Holders of European Union trademarks applied for before June 22, 2012 which are registered in respect of the entire heading of a Nice class may declare until September 24, 2016 that their intention on the date of filing had been to seek protection in respect of goods or services beyond those covered by the literal meaning of the heading of that class, provided that the goods or services so designated are included in the alphabetical list for that class in the edition of the Nice Classification in force at the date of filing.
® The most relevant change for right holders relates to the adjustment of the cost structure. Until now, for a flat fee, the Community trademark application includes protection for up to three classes.
The new European Union trademark is based on a “one fee per class” system. The applicant thus pays a lower fee for a registration including one class, the same fee for two classes and a higher fee for applications with three or more classes.

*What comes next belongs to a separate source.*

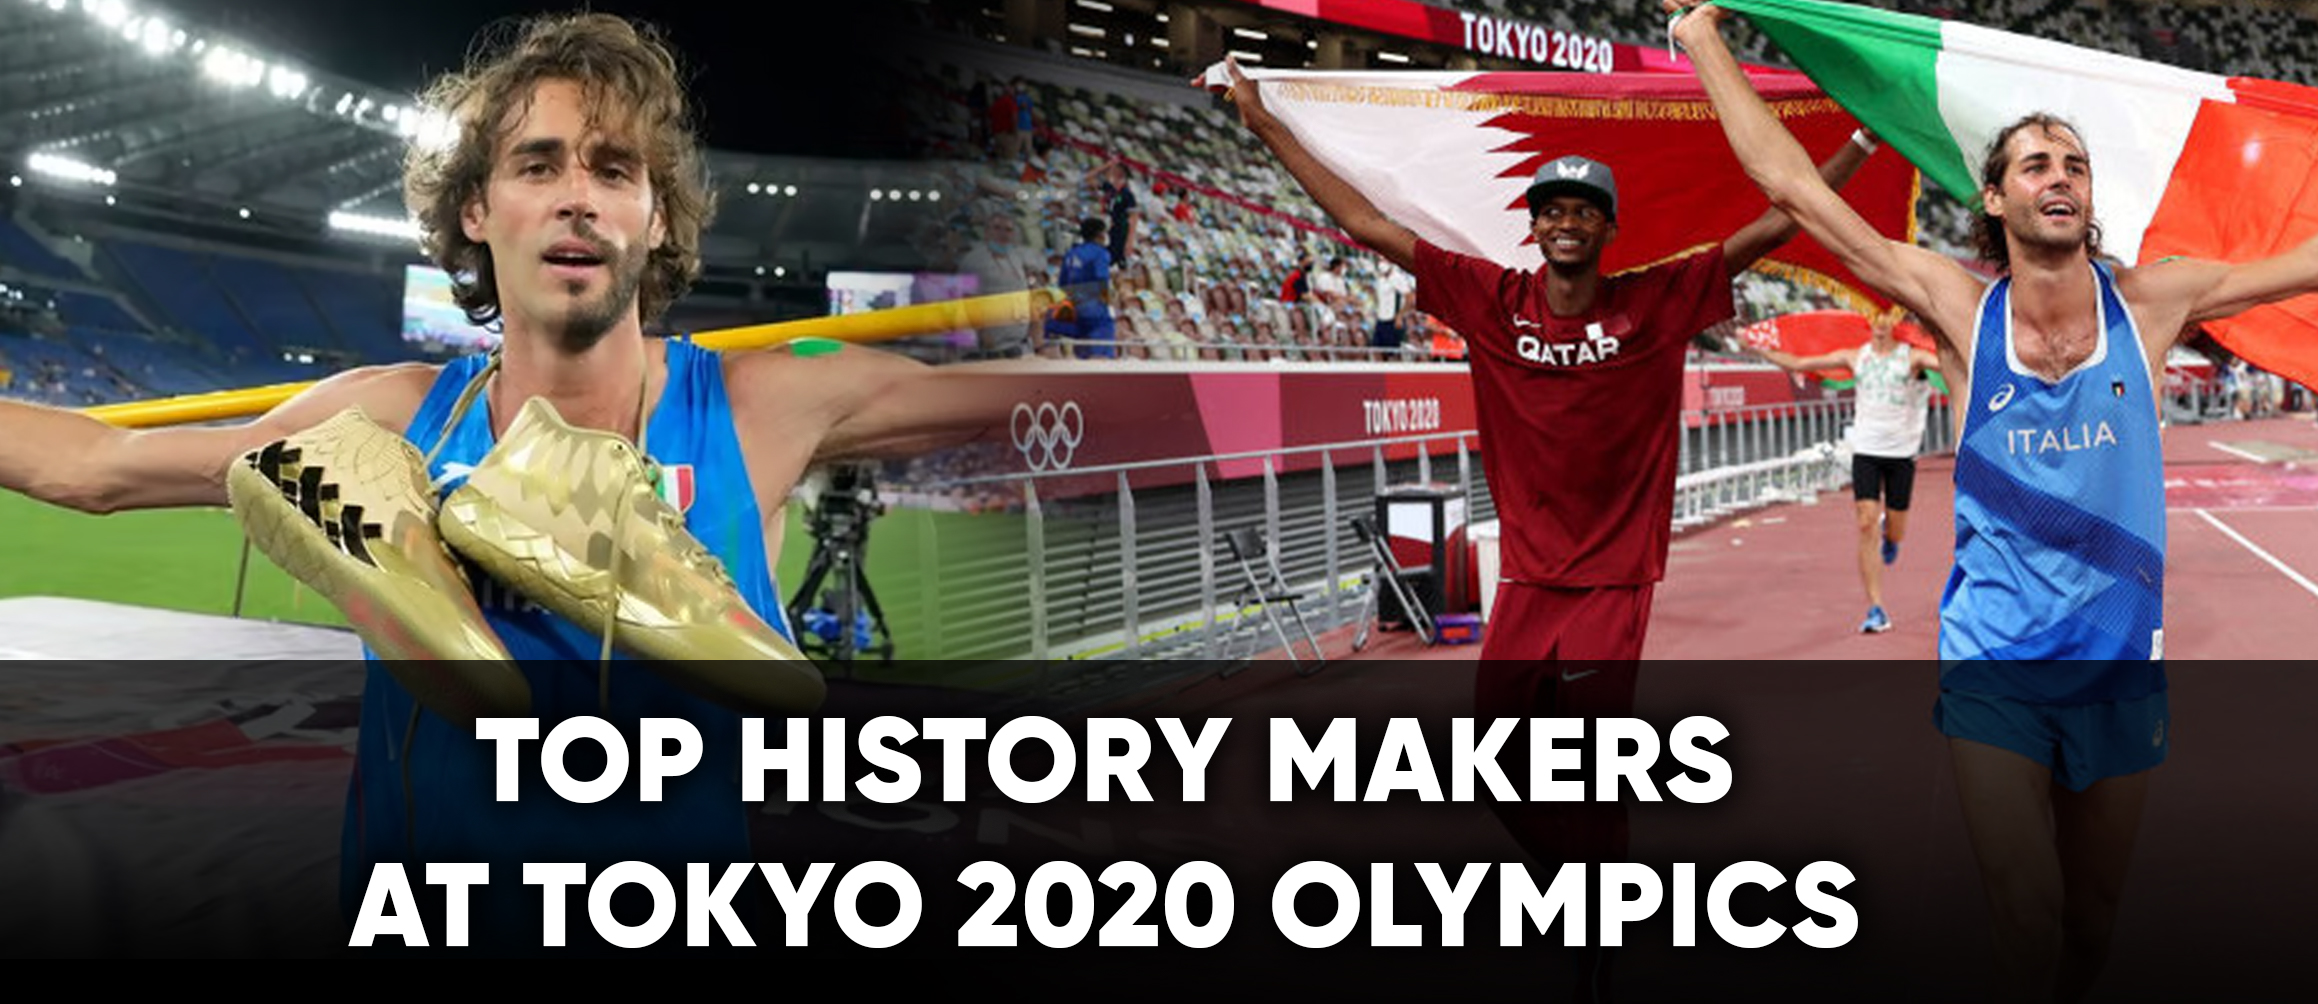 Top history makers at Tokyo 2020 Olympics

Right holders who are desirable to register European Union trademarks in 2016 with at least three Nice classes should submit any application prior to March 23, 2016.
The renewal fees also know a significant reduction. This change may result in a difference between 350€ and 500€. Possible renewals of European Union trademarks should be postponed after March 23, 2016, if possible.
® Within 21 month and as of October 1st, 2017, European Union certification marks will be created. Such a mark provides certification by the proprietor of the mark in respect of material, mode of manufacture of goods or performance of services, quality, accuracy or other characteristics, with the exception of geographical origin.
The new EU trademark directive will lead to an even greater harmonization of national trademark law in the Member States and thus also to a modification of the Benelux Convention on Intellectual Property.
® With regard to the Directive, Member States will have to establish administrative procedures concerning the revocation and cancellation of national trademarks within a period of seven years. Right holders will welcome this change since such proceedings imply currently time-consuming and costly proceedings before the ordinary courts. A quicker implementation of this provision would have been welcomed.